Here we note that our pca object: The center point (\(center), scaling (\)scale), standard deviation(sdev) of each principal component. The relationship (correlation or anticorrelation, etc) between the initial variables and the principal components (\(rotation\)). The values of each sample in terms of the principal components ($x)
# We will now plot our pca. This will provide us with some very useful insights i.e.
# which cars are most similar to each other
library(devtools)
## Loading required package: usethis
install_github("vqv/ggbiplot")
## Skipping install of 'ggbiplot' from a github remote, the SHA1 (7325e880) has not changed since last install.
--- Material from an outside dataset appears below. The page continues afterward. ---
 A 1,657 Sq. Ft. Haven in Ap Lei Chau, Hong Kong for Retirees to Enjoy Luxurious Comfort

## Use `force = TRUE` to force installation
# Then Loading our ggbiplot library
library(ggbiplot)
## Loading required package: ggplot2
## Loading required package: plyr
## Loading required package: scales
## Loading required package: grid
ggbiplot(mtcars.pca)
From the graph we will see that the variables hp, cyl and disp contribute to PC1, with higher values in those variables moving the samples to the right on the plot.
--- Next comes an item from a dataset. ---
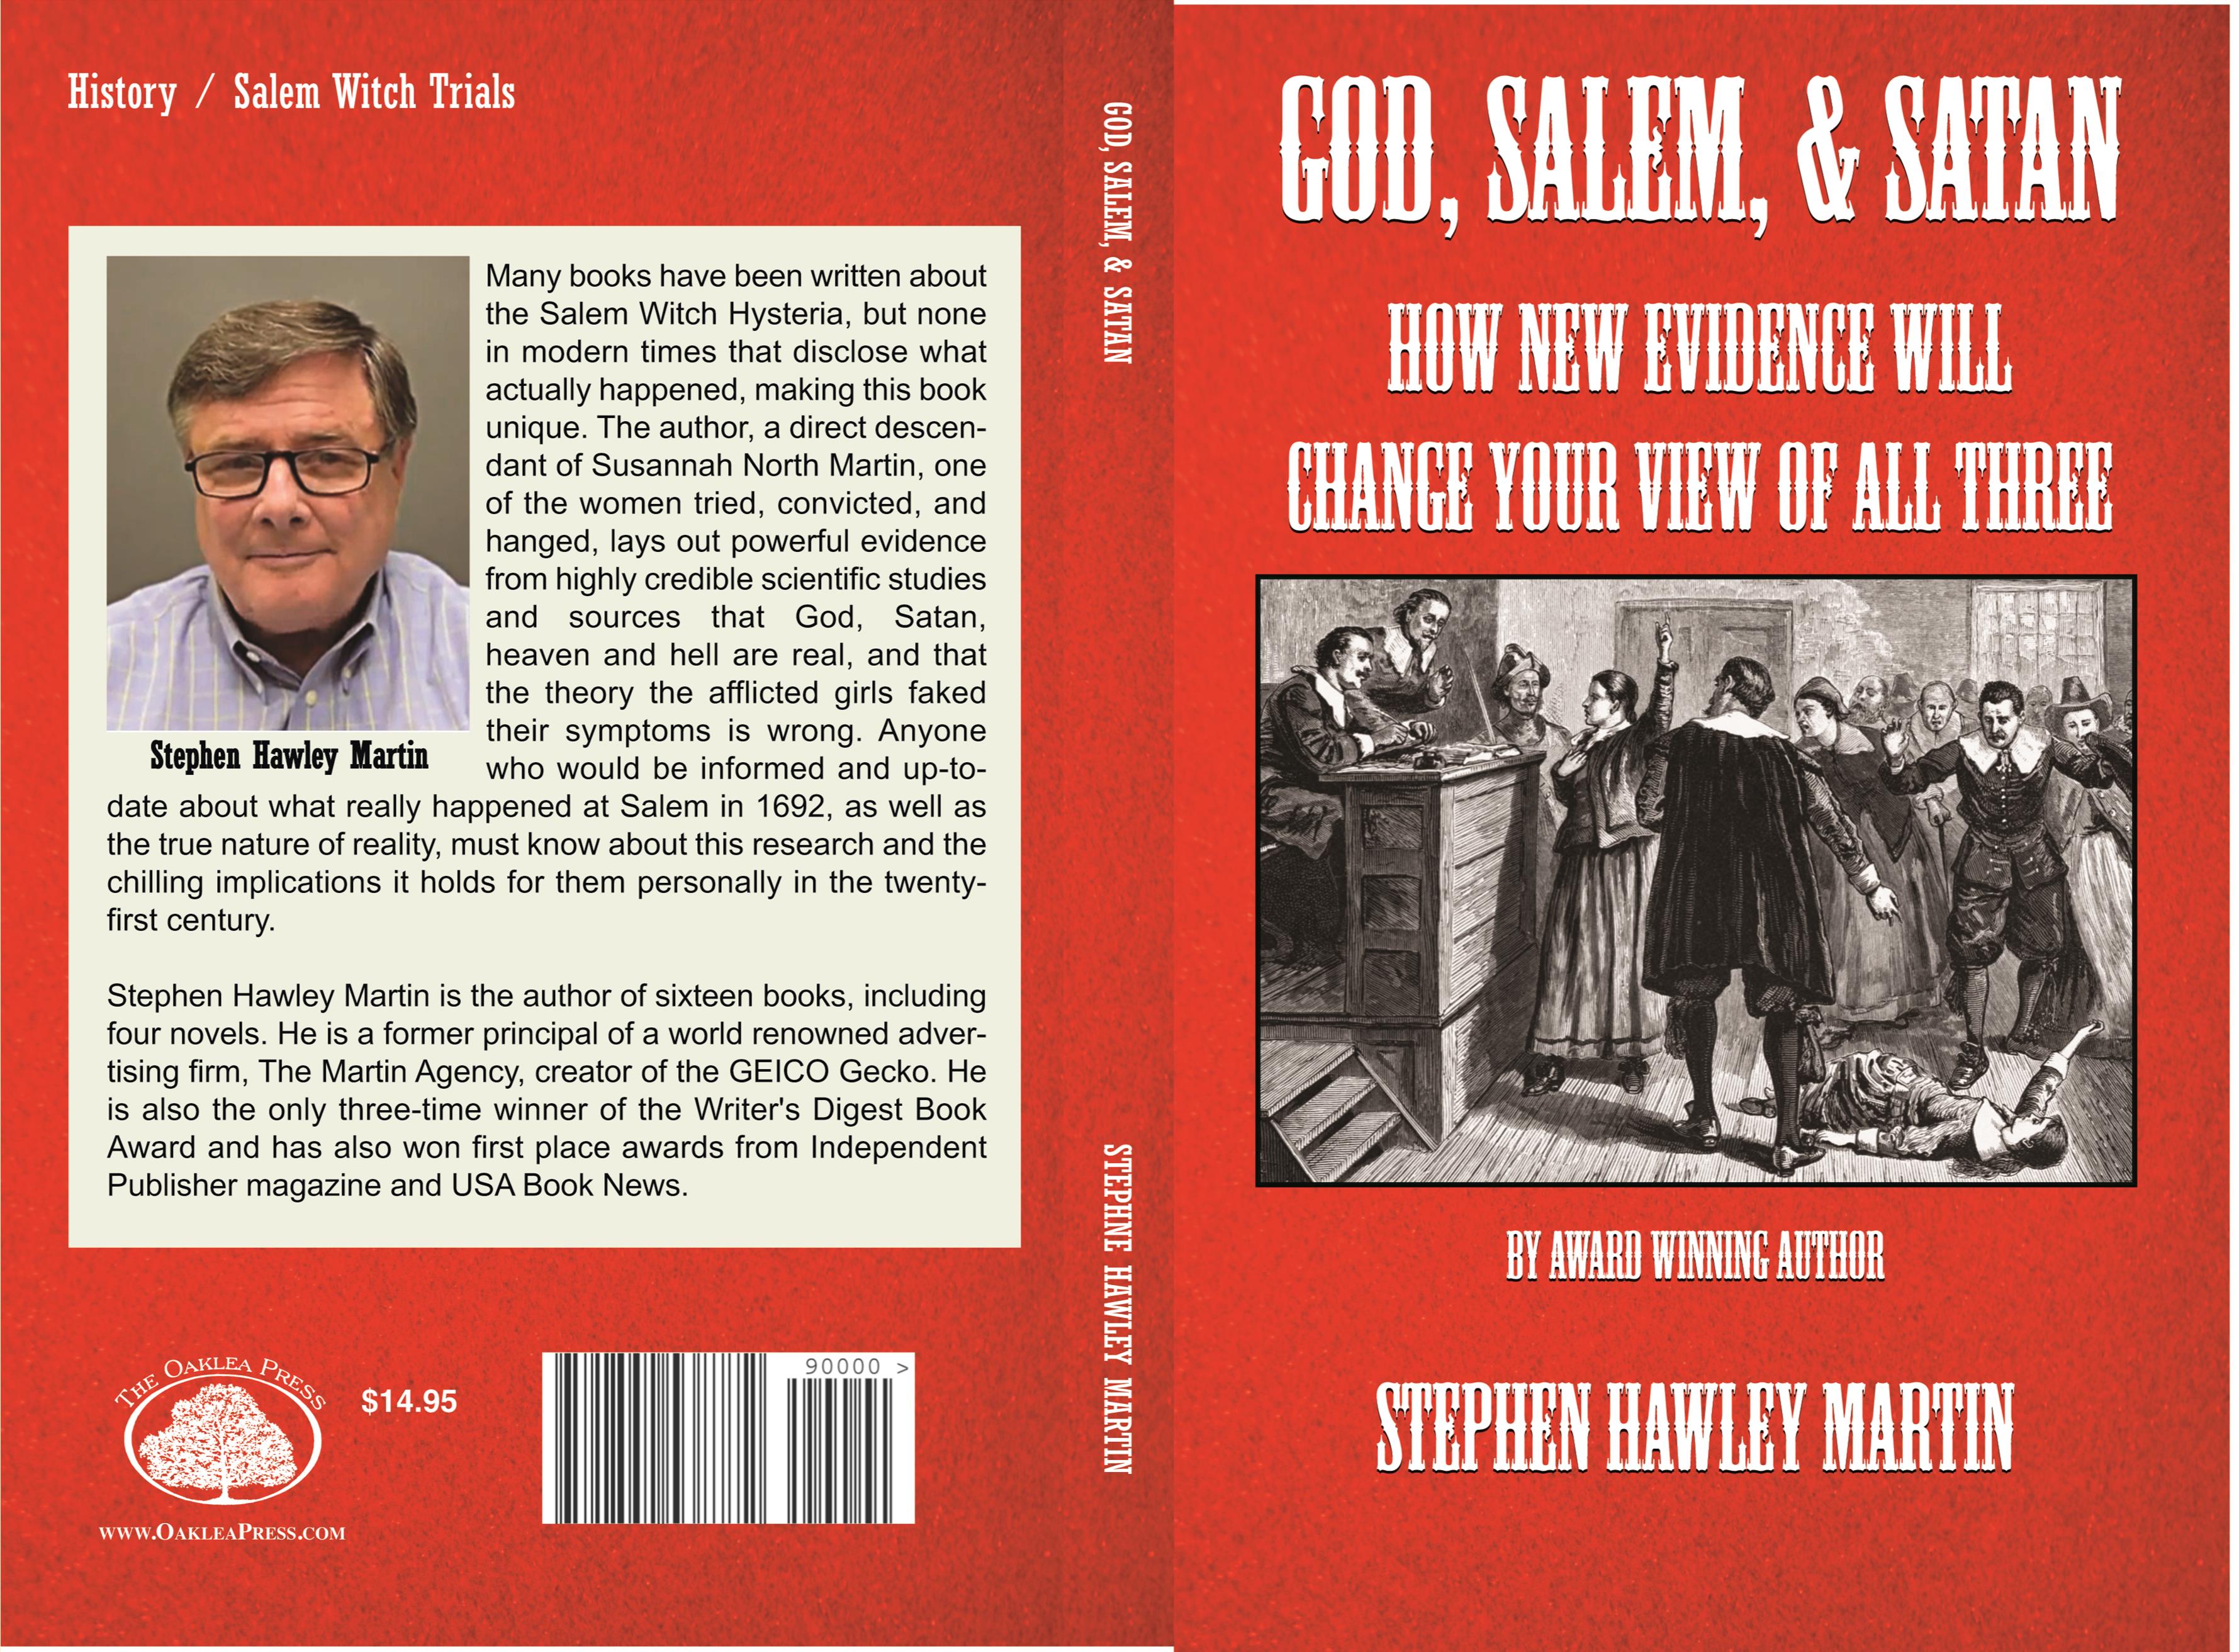 GOD, SALEM, & SATAN: How New Evidence Will Change Your View of All Three cover image

Adding more detail to the plot, we provide arguments rownames as labels.
ggbiplot(mtcars.pca, labels=rownames(mtcars), obs.scale = 1, var.scale = 1)
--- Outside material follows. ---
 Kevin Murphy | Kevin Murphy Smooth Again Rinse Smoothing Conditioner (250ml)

We now see which cars are similar to one another. The sports cars Maserati Bora, Ferrari Dino and Ford Pantera L all cluster together at the top.
We can also look at the origin of each of the cars by putting them into one of three categories i.e. US, Japanese and European cars.
mtcars.country <- c(rep("Japan", 3), rep("US",4), rep("Europe", 7),rep("US",3), "Europe", rep("Japan", 3), rep("US",4), rep("Europe", 3), "US", rep("Europe", 3))
ggbiplot(mtcars.pca,ellipse=TRUE, labels=rownames(mtcars), groups=mtcars.country, obs.scale = 1, var.scale = 1)
We get to see that US cars for a cluster on the right. This cluster is characterized by high values for cyl, disp and wt. Japanese cars are characterized by high mpg.
European cars are somewhat in the middle and less tightly clustered that either group.
We now plot PC3 and PC4
ggbiplot(mtcars.pca,ellipse=TRUE,choices=c(3,4), labels=rownames(mtcars), groups=mtcars.country)
We find it difficult to derive insights from the given plot mainly because PC3 and PC4 explain very small percentages of the total variation, thus it would be surprising if we found that they were very informative and separated the groups or revealed apparent patterns.
Having performed PCA using this dataset, if we were to build a classification model to identify the origin of a car (i.e. European, Japanese, US), the variables cyl, disp, wt and mpg would be significant variables as seen in our PCA analysis.